*** Opening of Provided data ***
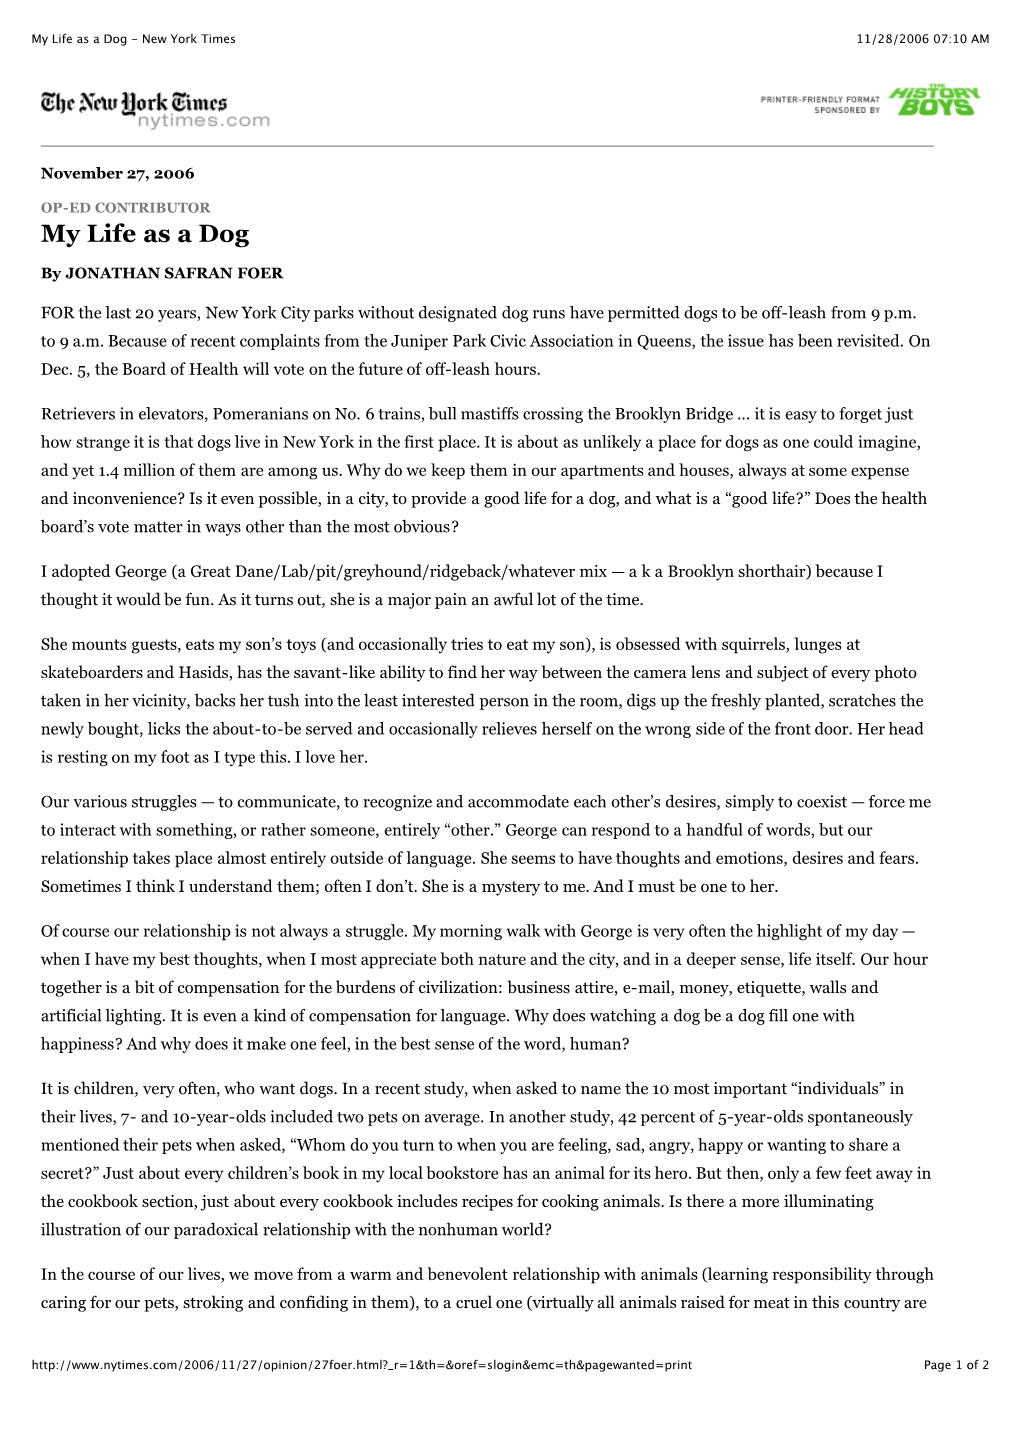 My Life As a Dog - New York Times 11/28/2006 07:10 AM
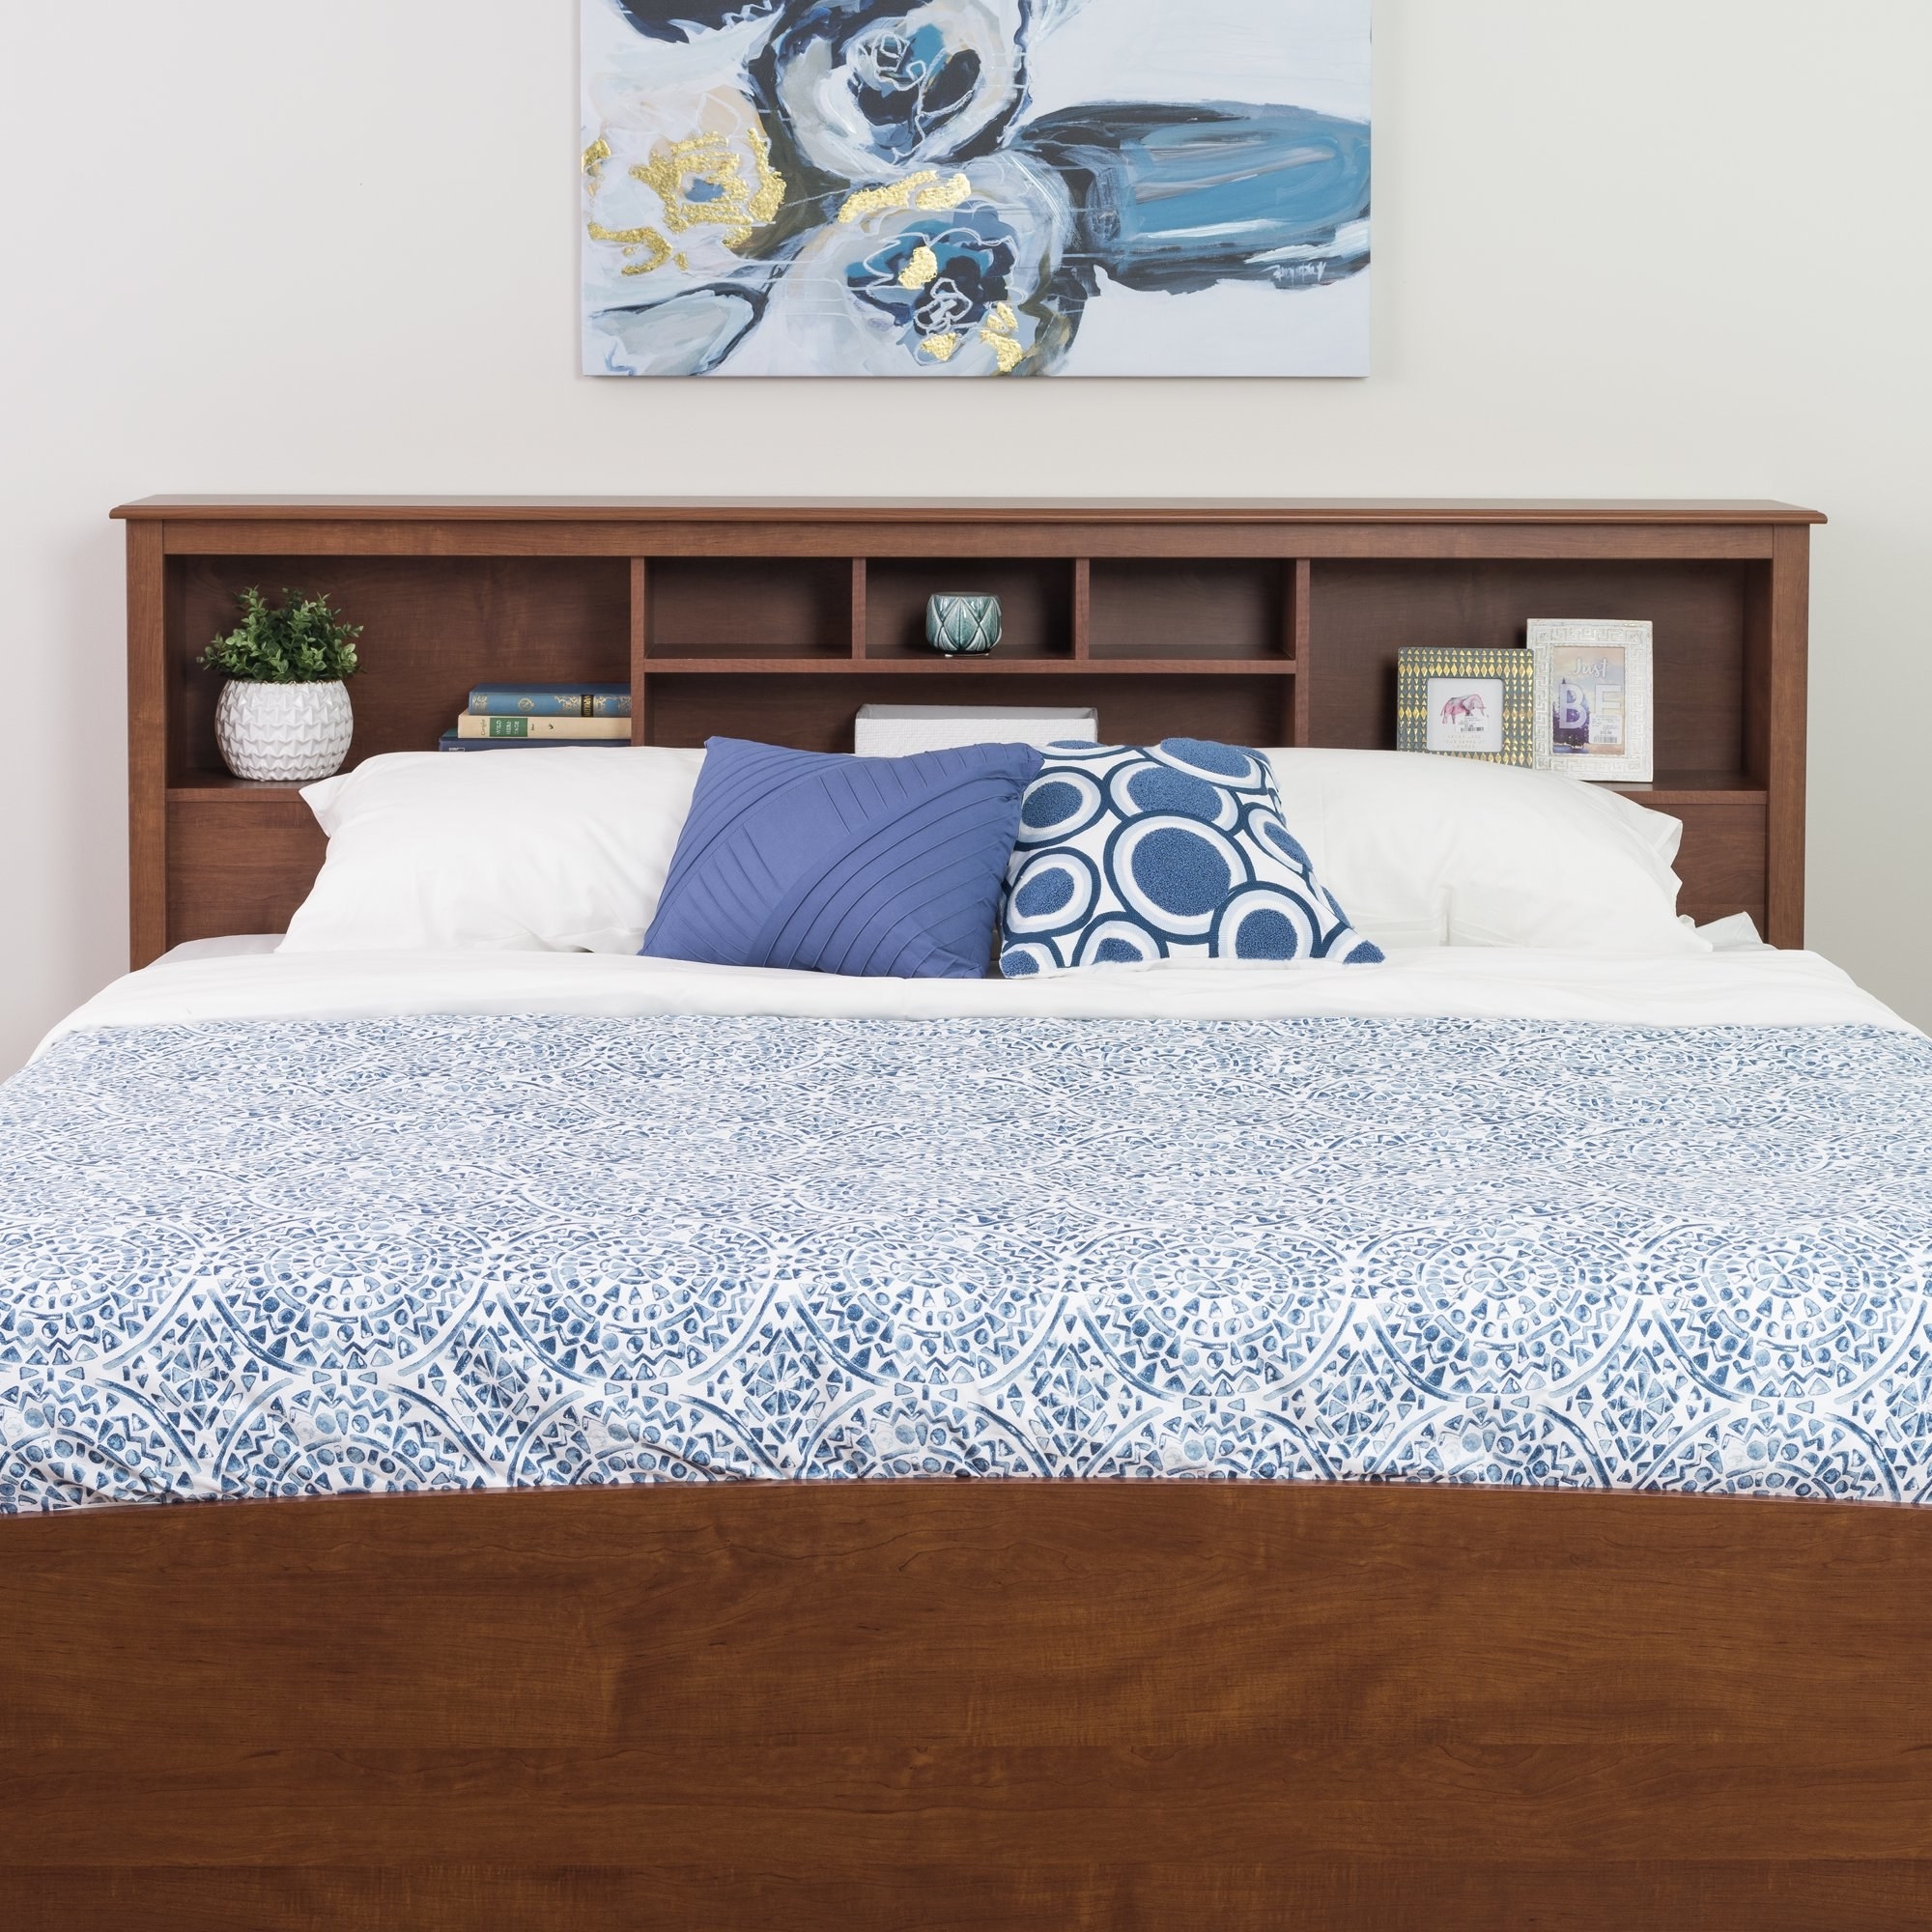 the cherry headboard with a bed made with blue linens
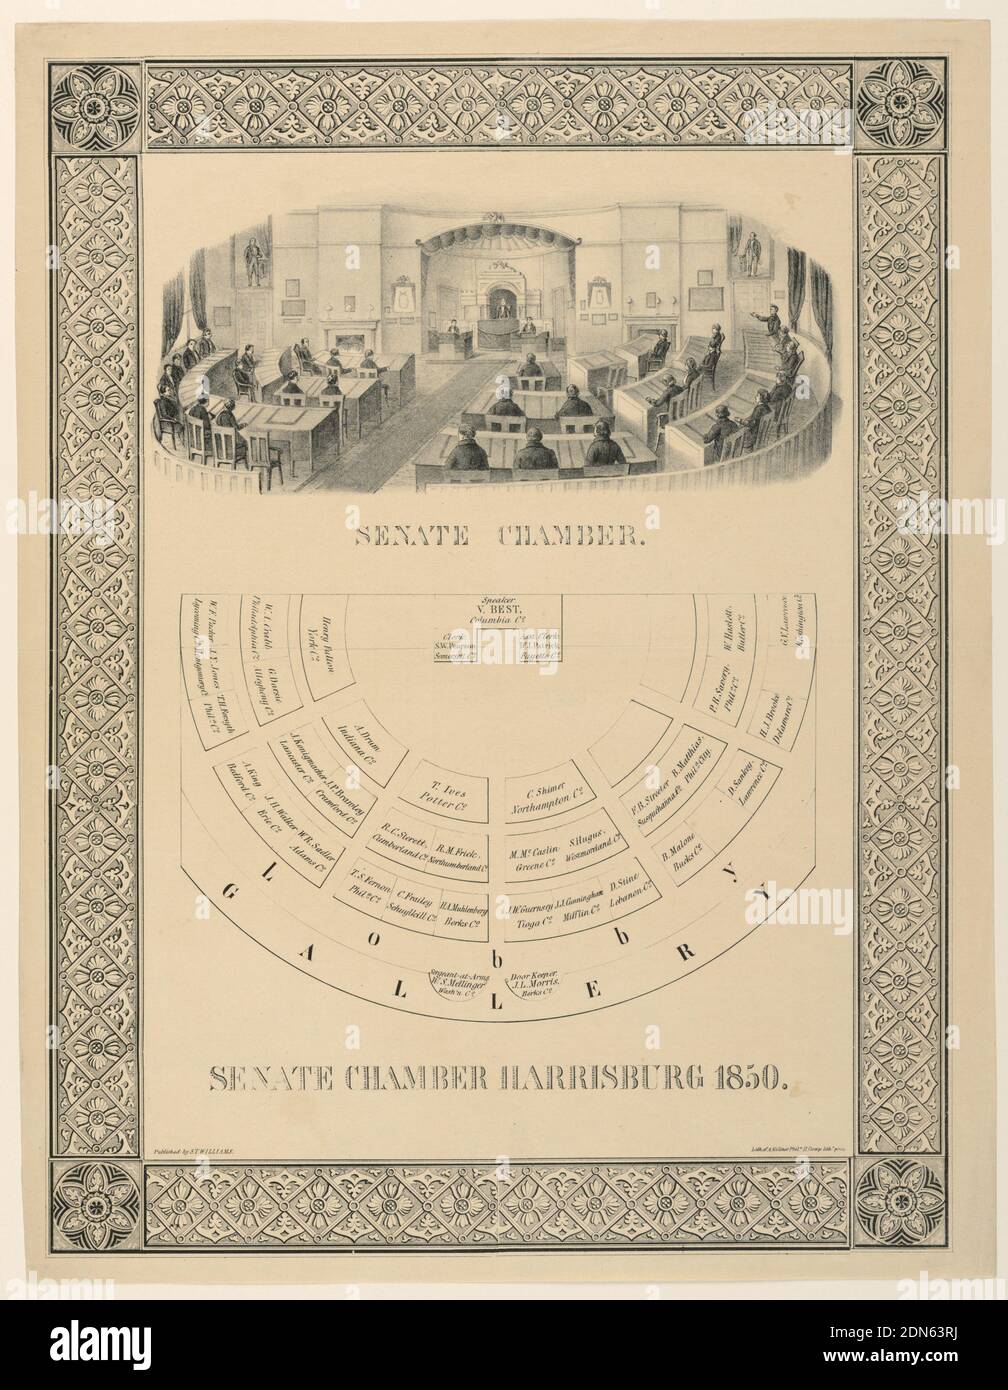 Senate Chamber, Harrisbug, Pennsylvannia, August Kollner, 1813–1850, S. T. Williams, Lithograph with black ink on paper, Vertical rectangle. Vignette of Senate Chamber interior, looking toward the Speaker's podium. Below: plan of the chamber, with names of members indicated. Caption: 'Senate Chamber Harrisburg 1850.' Enclosed in ornamental frame. Lower left: 'Pubished by S.T. Williams.' Lower right: Lith. of A. Kollner Phile H. Camp litho press.', USA, 1850, interiors, Print Stock Photo
*** Close of Provided data ***
Assignment >> The lines wanted run from the one with "the cherry headboard" through the final line of the data; repeat them word for word and skip every picture.

Output below >>
 the cherry headboard with a bed made with blue linens
 Senate Chamber, Harrisbug, Pennsylvannia, August Kollner, 1813–1850, S. T. Williams, Lithograph with black ink on paper, Vertical rectangle. Vignette of Senate Chamber interior, looking toward the Speaker's podium. Below: plan of the chamber, with names of members indicated. Caption: 'Senate Chamber Harrisburg 1850.' Enclosed in ornamental frame. Lower left: 'Pubished by S.T. Williams.' Lower right: Lith. of A. Kollner Phile H. Camp litho press.', USA, 1850, interiors, Print Stock Photo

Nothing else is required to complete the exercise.